Replaces the alw-utils daemon's port-and-mirror pattern with direct writes from the validator's scoring path:

  • New allways/validator/storage/ module (psycopg v3) mirroring the gittensor layout (database/queries/repository/storage).
  • replay_crown_time_window gains an optional intervals_out capture list — exposes the per-interval crown data it was already computing internally; no change to return value or scoring math.
  • calculate_miner_rewards expands captured intervals to per-block crown_holders rows, collects rate events for the window, and flushes everything plus sync_cursor advancement in one transaction at end-of-round.
  • Eliminates the validator-vs-daemon drift class.

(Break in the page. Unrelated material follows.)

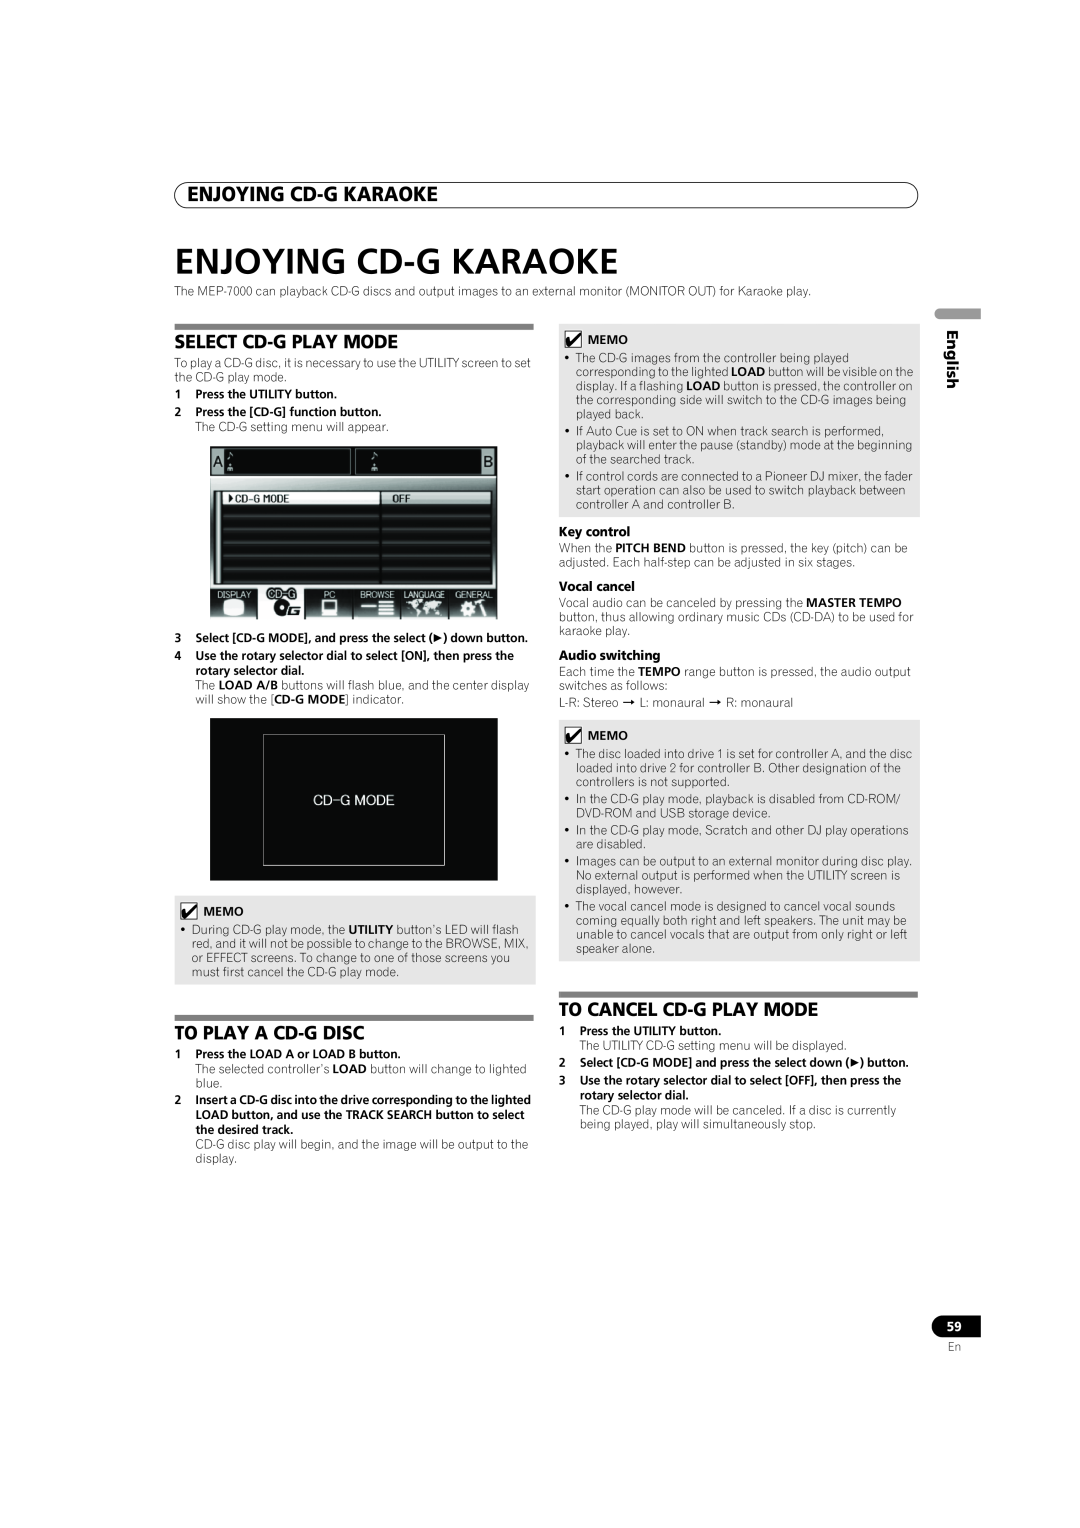 Pioneer MEP-7000 Enjoying Cd-Gkaraoke, Select Cd-Gplay Mode, To Play A Cd-Gdisc, To Cancel Cd-Gplay Mode, English

2. Per-forward live current-crown write

The dashboard refreshes the current-crown header within one forward pass instead of waiting for the next round flush:

  • snapshot_current_crown_holders(self) reconstructs rates/busy/active at self.block and evaluates crown_holders_at_instant once per direction. No event-stream walk.
  • DatabaseStorage.upsert_current_crown_snapshot atomically replaces each direction's rows (delete then insert), preserving k-way tie semantics.
  • Called at the tail of forward(), after deadline-sensitive RPC, wrapped in try/except so DB outages can't propagate.
  • Now applies the reservation-pin overlay and the Filter unexecutable rates from crown eligibility #395 executability filter so the live table credits the exact same holder the scoring/ledger path does — no more showing an out-of-bounds-rate or pre-pin holder the ledger drops. Bounds come from the 300-block-TTL bounds_cache, so it stays a zero-RPC, sub-ms per-step write.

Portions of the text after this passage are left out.